# Happy 1st Birthday Otto!!!



## DanielleOttoMom (May 11, 2010)

Happy 1st Birthday Otto!!! I love you my sweet boy!!


----------



## 1sttimeforgsd (Jul 29, 2010)

HAPPY BIRTHDAY OTTO, wishing for you many many more! :birthday: 

You are a very handsome boy!


----------



## DanielleOttoMom (May 11, 2010)

Thank you Karen!! I'm just so excited and this is the first B-Day of many to come.


----------



## vat (Jul 23, 2010)

:birthday: hope you have many many more!


----------



## DanielleOttoMom (May 11, 2010)

Enzo giving Otto a Happy B-Day kiss!


----------



## JustMeLeslie (Sep 15, 2010)

Oh my-handsome, handsome, handsome!!!!:wub:
:happyboogie:Happy Birthday Otto!!!!:happyboogie:


----------



## DanielleOttoMom (May 11, 2010)

Thank you Jamie Lee and Leslie!! He is getting a special dinner tonight!!


----------



## DanielleOttoMom (May 11, 2010)

My Otto Ba Datto!! Happy Birthday Big Boy!!


----------



## Pattycakes (Sep 8, 2010)

Happy Birthday, Otto!
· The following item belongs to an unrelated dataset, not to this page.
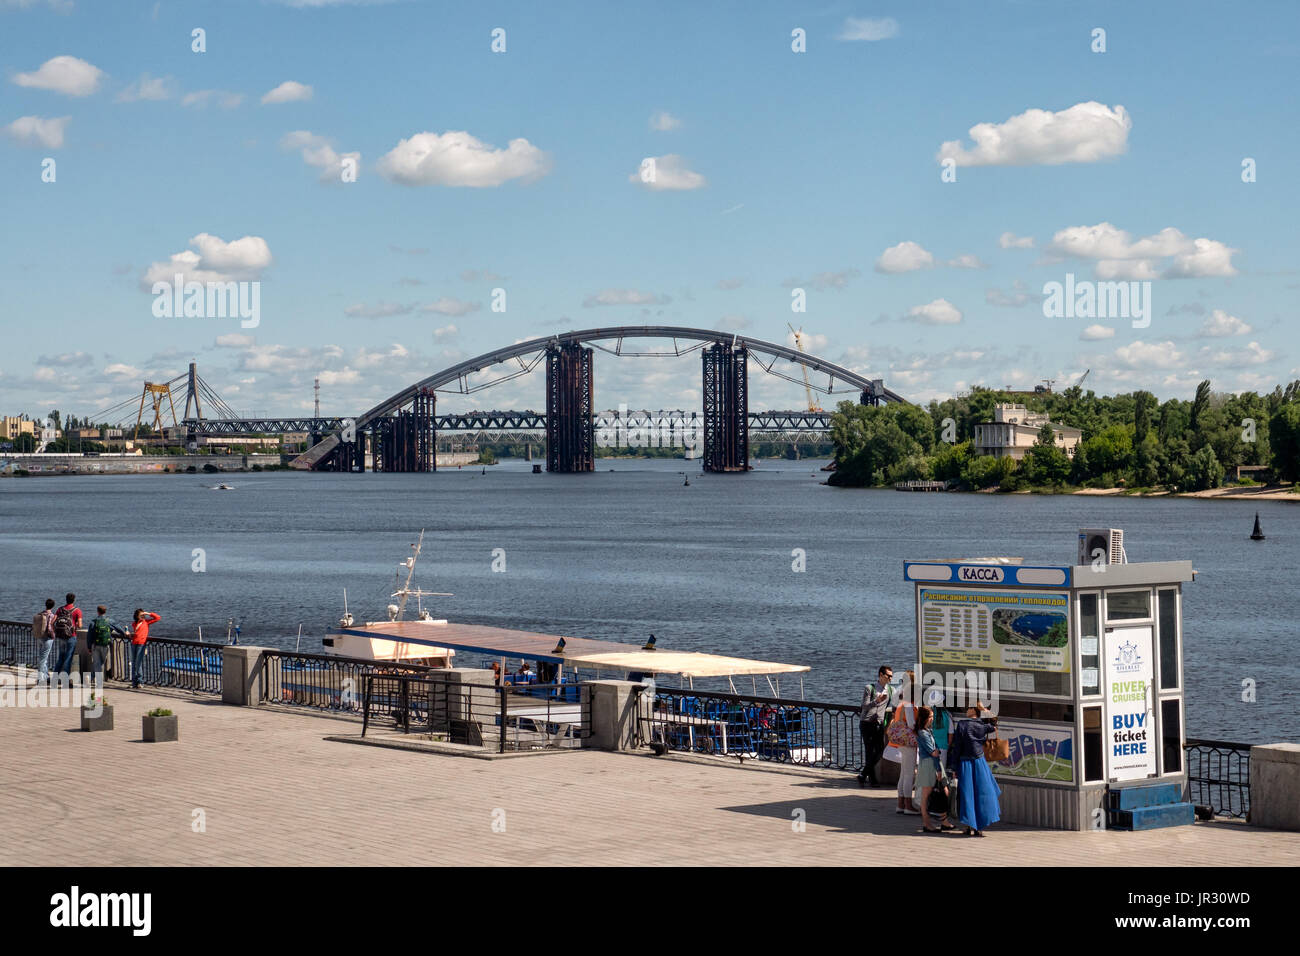 KYIV, UKRAINE - JUNE 12, 2016: Kiev River Port on the Dnieper (Dnipro) River with the Podilsko-Voskresensky Bridge in the background Stock Photo
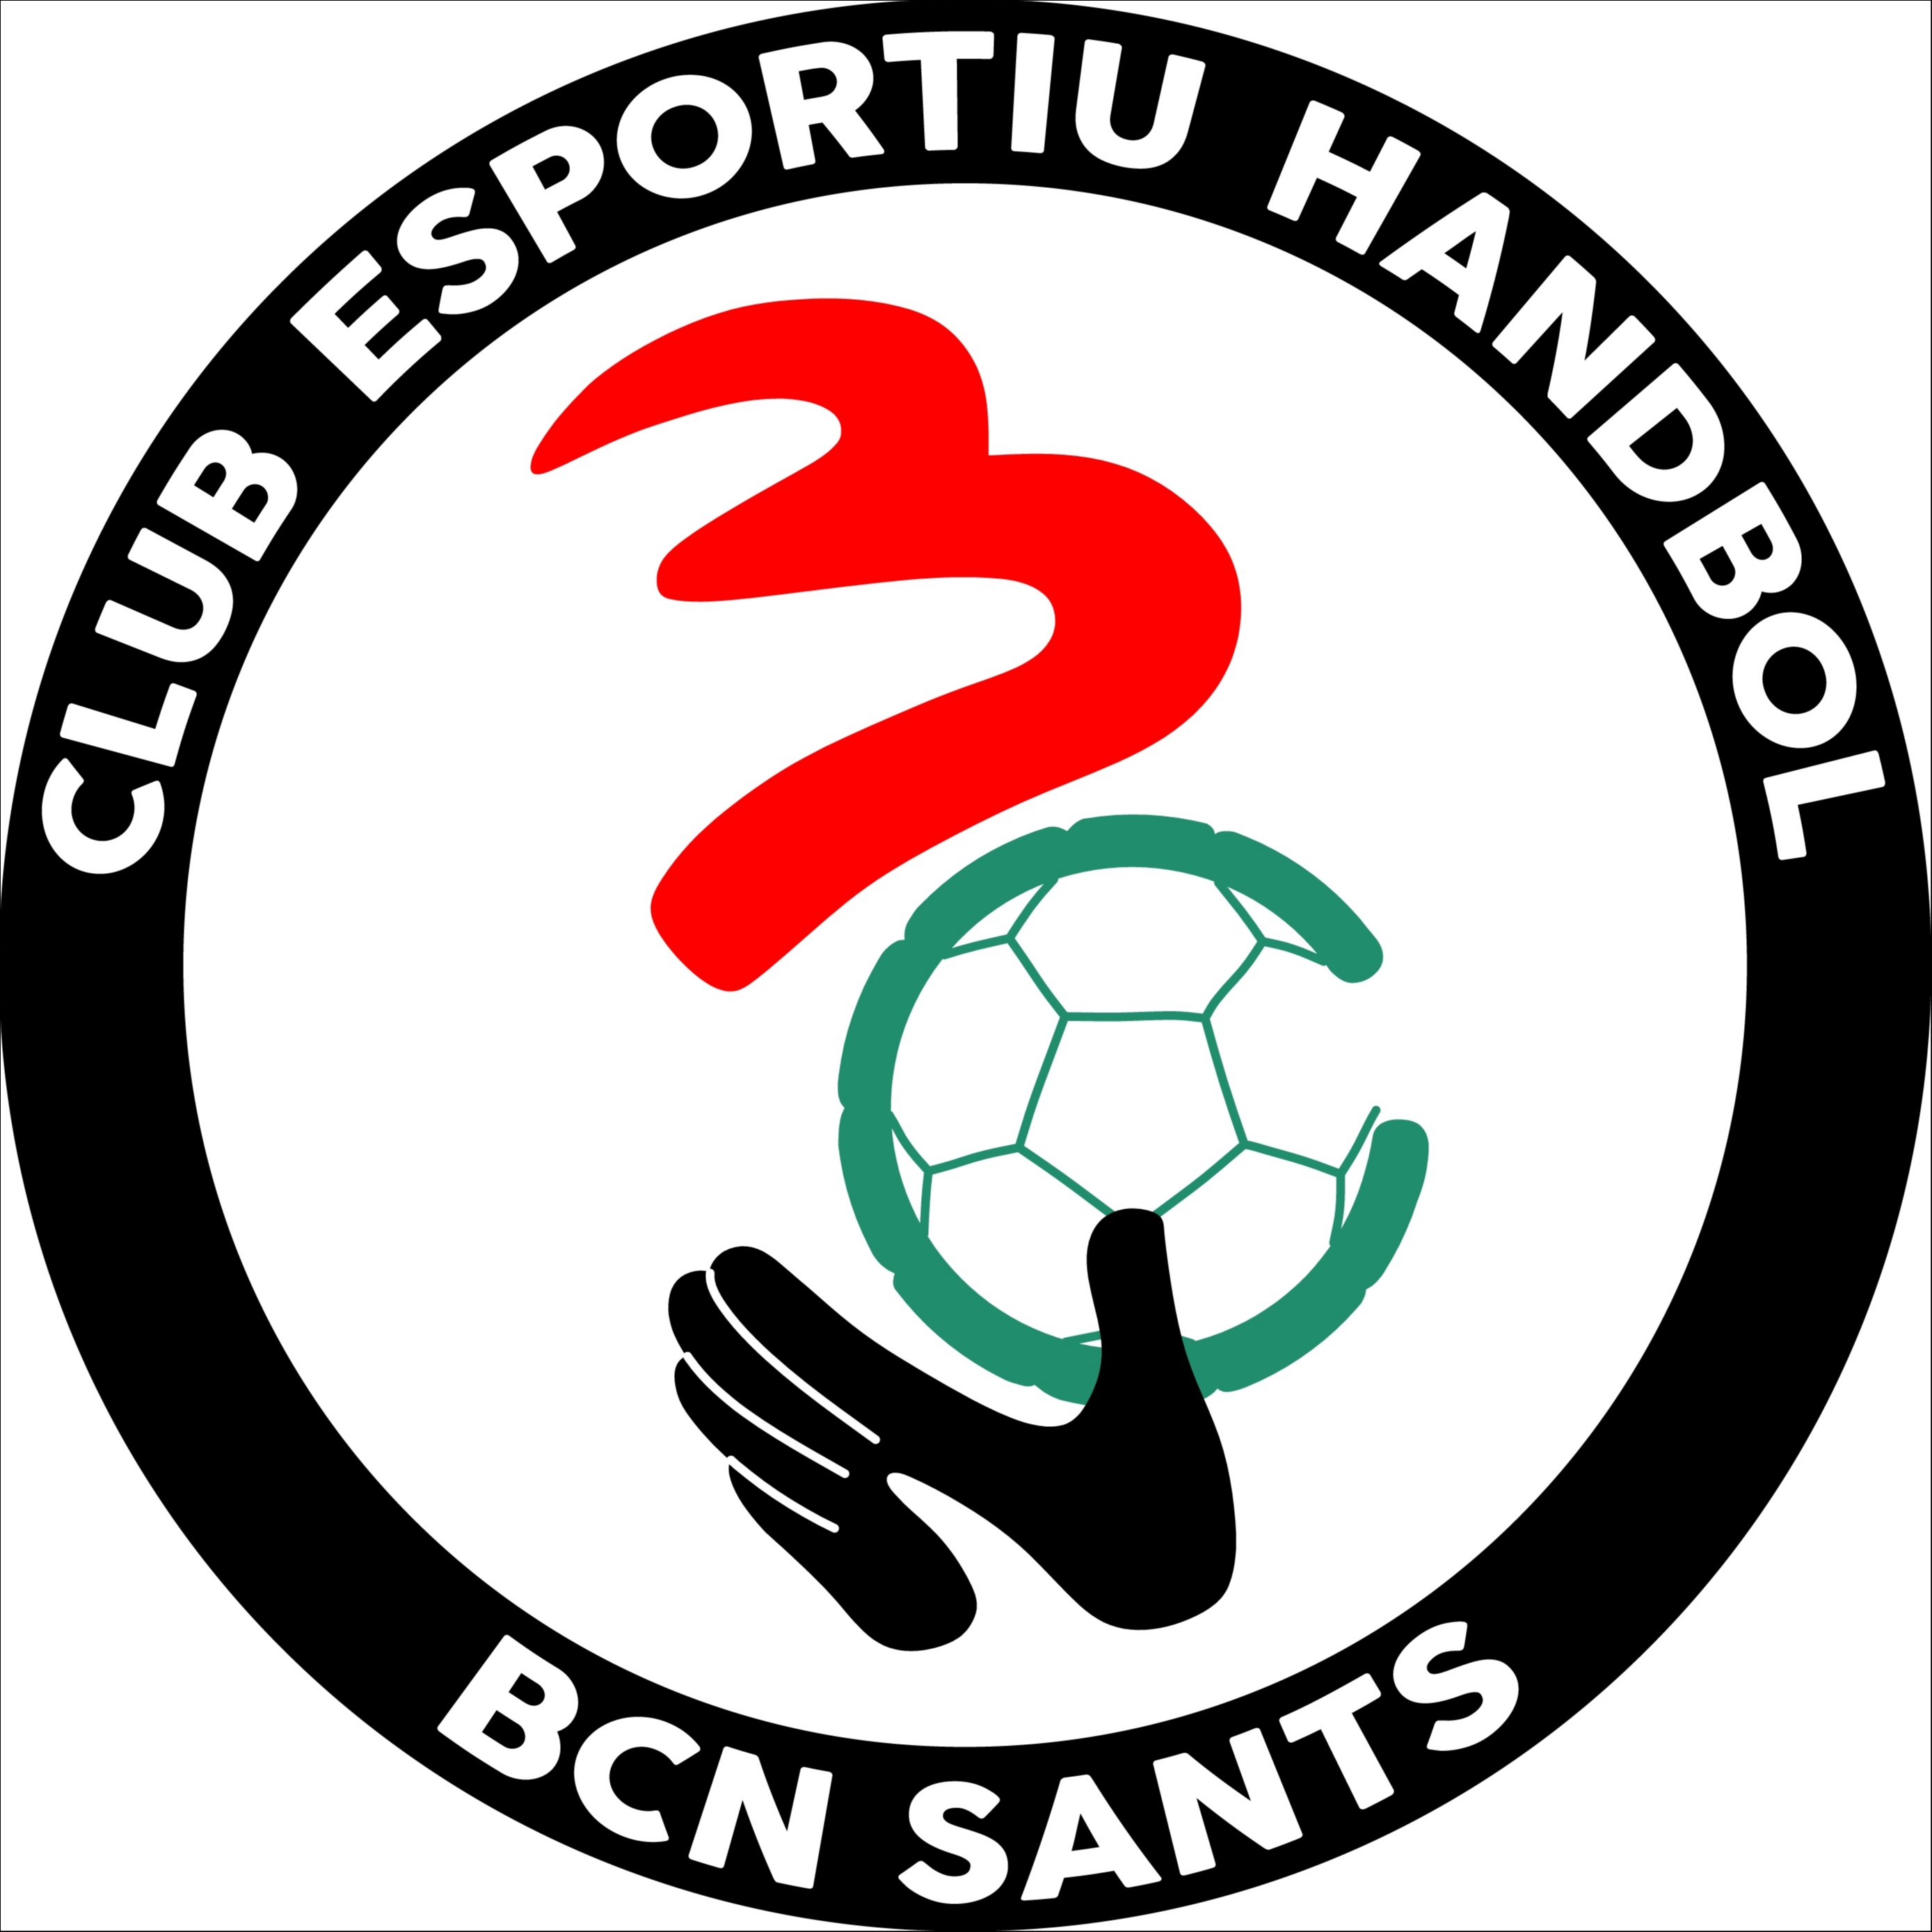 CLUB ESPORTIU HANDBOL BCN SANTS

Hope you have/had a great day!


----------



## jakeandrenee (Apr 30, 2010)

Happy Birthday!!!!!!!!! And many more!


----------



## DanielleOttoMom (May 11, 2010)

Rene are boys are growing up!!


----------



## koda00 (Apr 27, 2009)

:birthday: Otto and many,many more to come!!!!!


----------



## London's Mom (Aug 19, 2009)

Happy Birthday Gorgeous Boy!!!


----------



## KendraLovey (Jan 17, 2011)

Happy Happy Birthday Otto!!! He looks like such a happy boy! What did he have for his special birthday dinner??? lol


----------



## Jason L (Mar 20, 2009)

Happy birthday!!!!


----------